Everything from the line containing "1982 01 30 2e Haone Jeugdkapellenfestival" to the end of the listing, both included, should be returned exactly, apart from the pictures.
═══ Information supplied
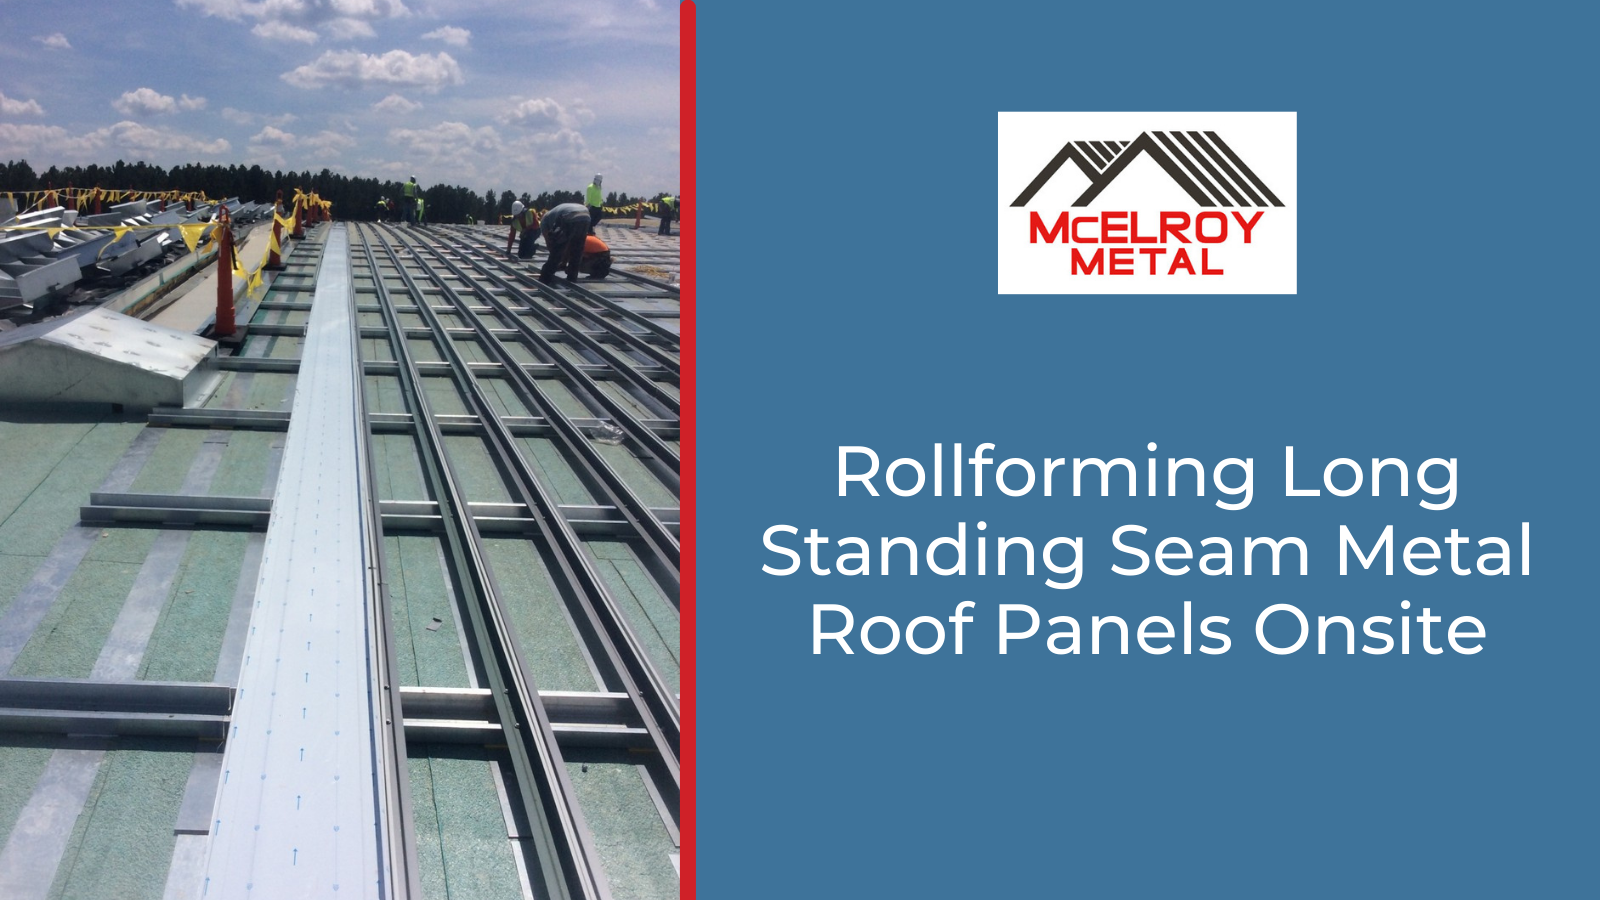 Rollforming Long Standing Seam Metal Roof Panels Onsite
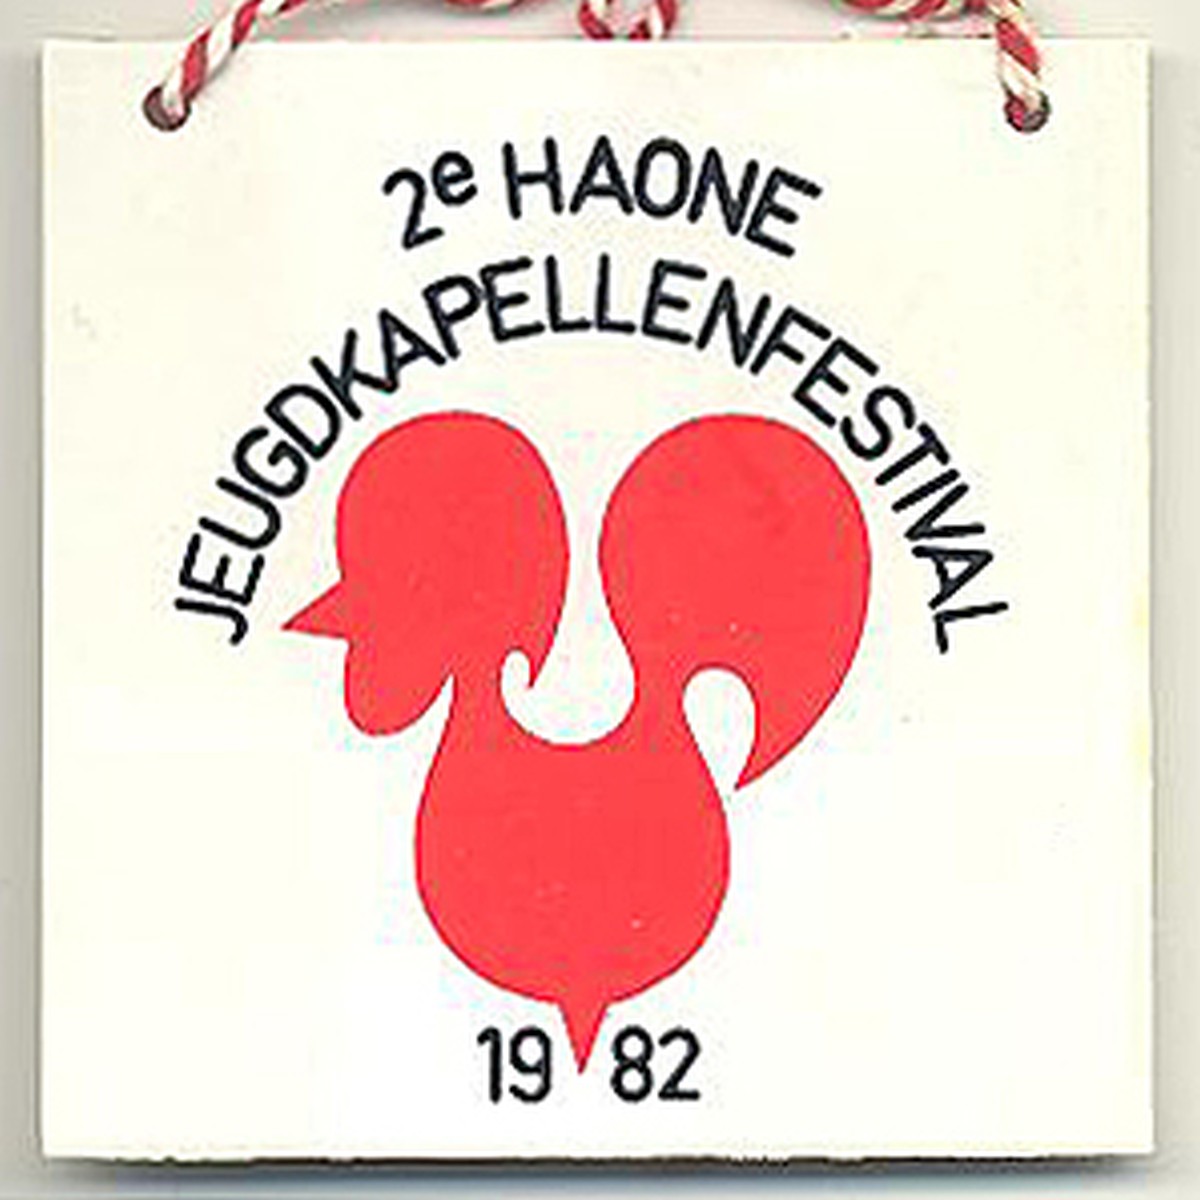 1982 01 30 2e Haone Jeugdkapellenfestival
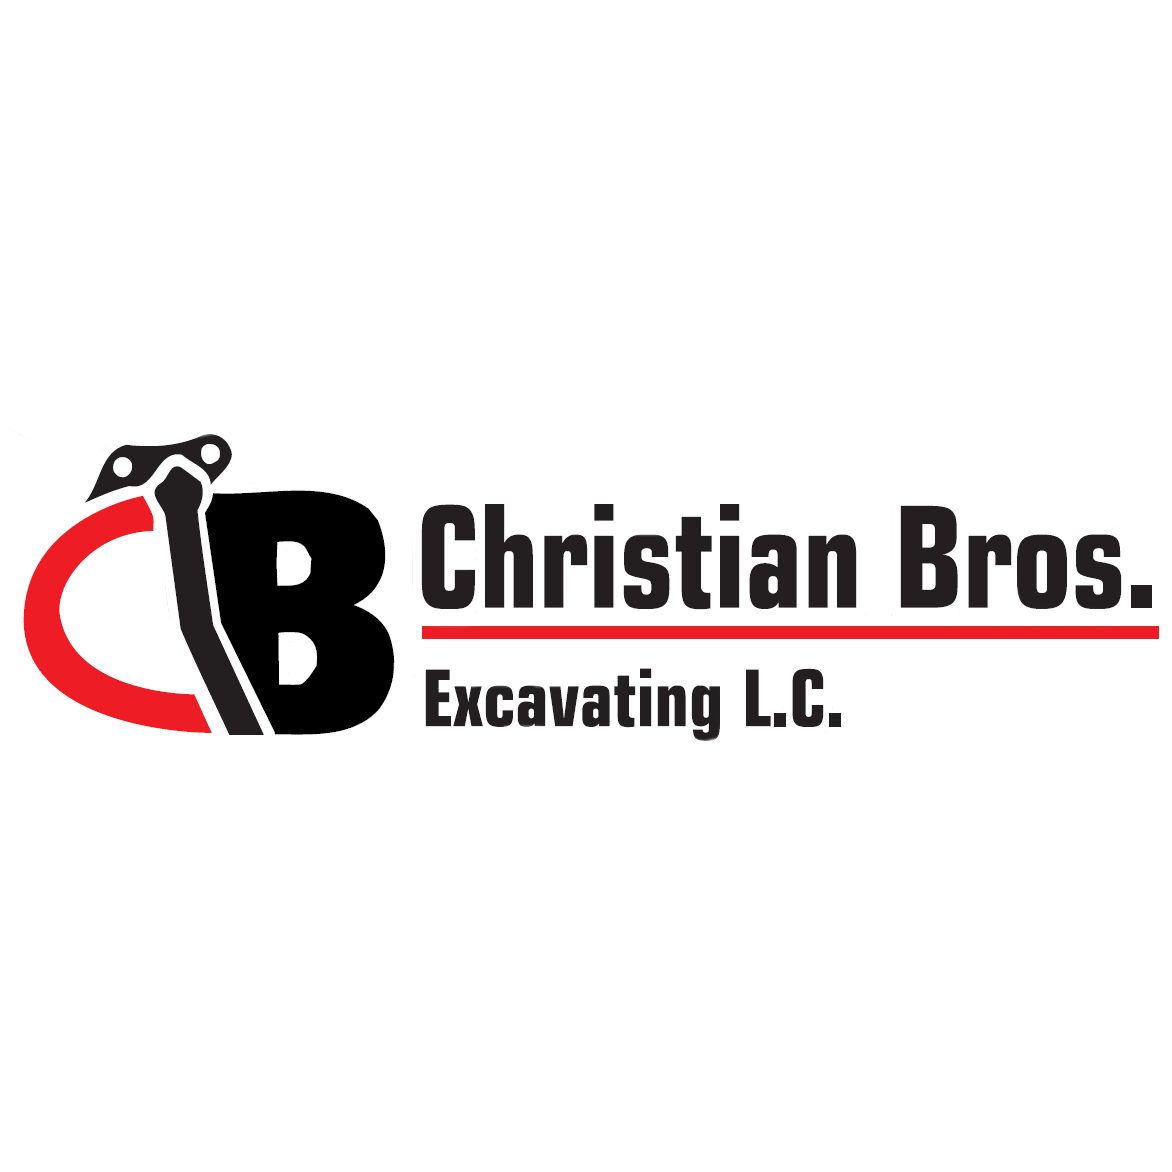 Christian Bros. Excavating L.C. - Sioux Rapids, IA 50585 - (712)283-2496 | ShowMeLocal.com
══════
■ Expected answer ■
 1982 01 30 2e Haone Jeugdkapellenfestival
 Christian Bros. Excavating L.C. - Sioux Rapids, IA 50585 - (712)283-2496 | ShowMeLocal.com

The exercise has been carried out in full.